— Вы себя берегите, деточка. Кушайте. — Она сунула мне сверток. — Тут пирожки. На дорожку. И вот, возьмите адресок сестры моей — коли беда какая, вы приходите, слышите? Вас там примут.
— Благодарю, сударыня. — Я поклонился, и на сей раз искренне. — Дай вам бог здоровья.
Лизанька шагнула ко мне, задрала нос.
— И сумку свою держите, — деловито сказала она, кивнув на саквояж. — А то сопрут.
«Ох, барышня. Ты и не знаешь, до чего права».
Они ушли: мать, промокая глаза, дочь, оглядываясь и махая. Тетка Пелагея Аркадьевна уплыла первой, так ни разу и не обернувшись.
Мы двинулись следом, и, покинув вокзал, я замер.
Крик. Ор. Гвалт.
— Барин! Барин, ко мне! Прокачу!
— Куда изволите? Дешево свезу!
— Не слушай его, кривого! У него кобыла третий день не кормлена!
— Сам ты кривой, харя!
Извозчики облепили нас, как мухи мед. Одни хватали за рукав, другие орали через головы, третьи уже волокли к своим саням, не спрося. Здоровенный мужик в рыжем армяке отпихнул соседа плечом, тот огрызнулся, и оба, забыв про нас, зашлись ором.
Дюбуа побледнел и вцепился в свою поклажу обеими руками.
— Mon Dieu, — пробормотал он. — Это дикари. Мсье, это форменные дикари.
В Петербурге ваньки стояли рядком у вокзала, ждали своей очереди, чинно поднимали кнут. Тут — базар. Каждый за себя, кто громче — тот и прав.
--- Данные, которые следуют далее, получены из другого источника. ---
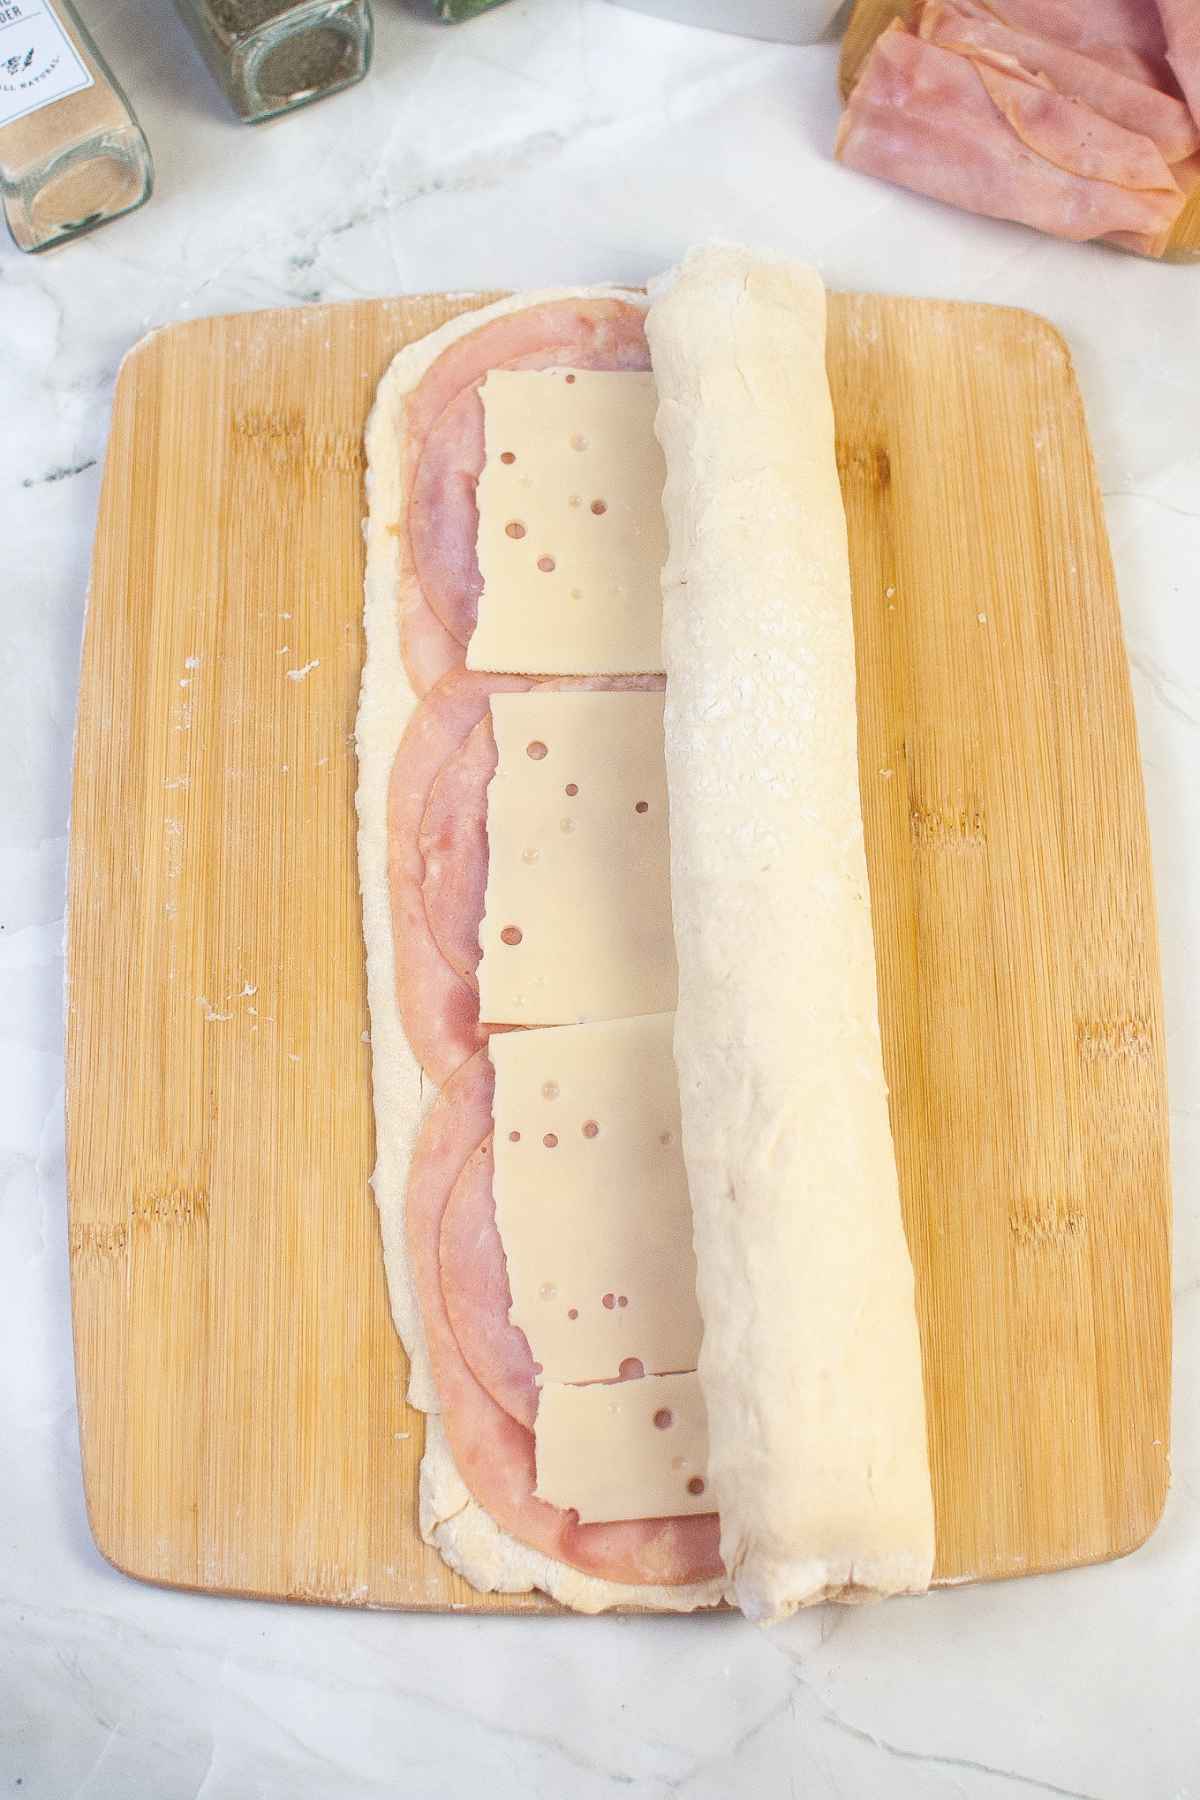 Ham and cheese on pastry being rolled up on a wood board.

Я приглядел одного: немолодой, борода лопатой, лошаденка справная, санки не разваленные. Он один не орал, а стоял поодаль и глядел на потеху с усмешкой.
— Эй, борода. Свезешь?
— Отчего не свезти. — Он неспешно выпрямился. — Куда прикажете?
— Никольская. «Славянский базар».
Извозчик оглядел меня — мальчишку в дорогом сюртуке, — потом Дюбуа и хмыкнул в бороду.
— Полтинник.
— Двугривенный.
— Побойся бога, барин! Овес нынче знаешь почем?
— А ты меня овсом не корми. Двугривенный, и то много.
Борода крякнул, поскреб под шапкой. Прищурился и усмехнулся.
— Ловок. Тридцать копеек, и по рукам.
— По рукам.
Он расплылся — довольный то ли сделкой, то ли тем, что барчук торговался, а не швырнул рубль не глядя.
— Садись, ваша милость. С ветерком.
Дюбуа полез в санки.
Тронулись — и я стал смотреть.
Петербург я знал, уже привык. Прямые проспекты, гранит, каналы, дома по струнке.
А тут…
Улицы кривились и петляли, будто их не строили, а они сами наросли. Дом в три этажа, каменный, с лепниной — а рядом, впритык, покосившаяся деревянная развалюха с резными наличниками. За ней — лабаз, глухой, приземистый, с железными ставнями. А через дорогу вдруг барская усадьба за чугунной оградой. И тут же, у самых ворот, торговка с лотком, орущая про пироги.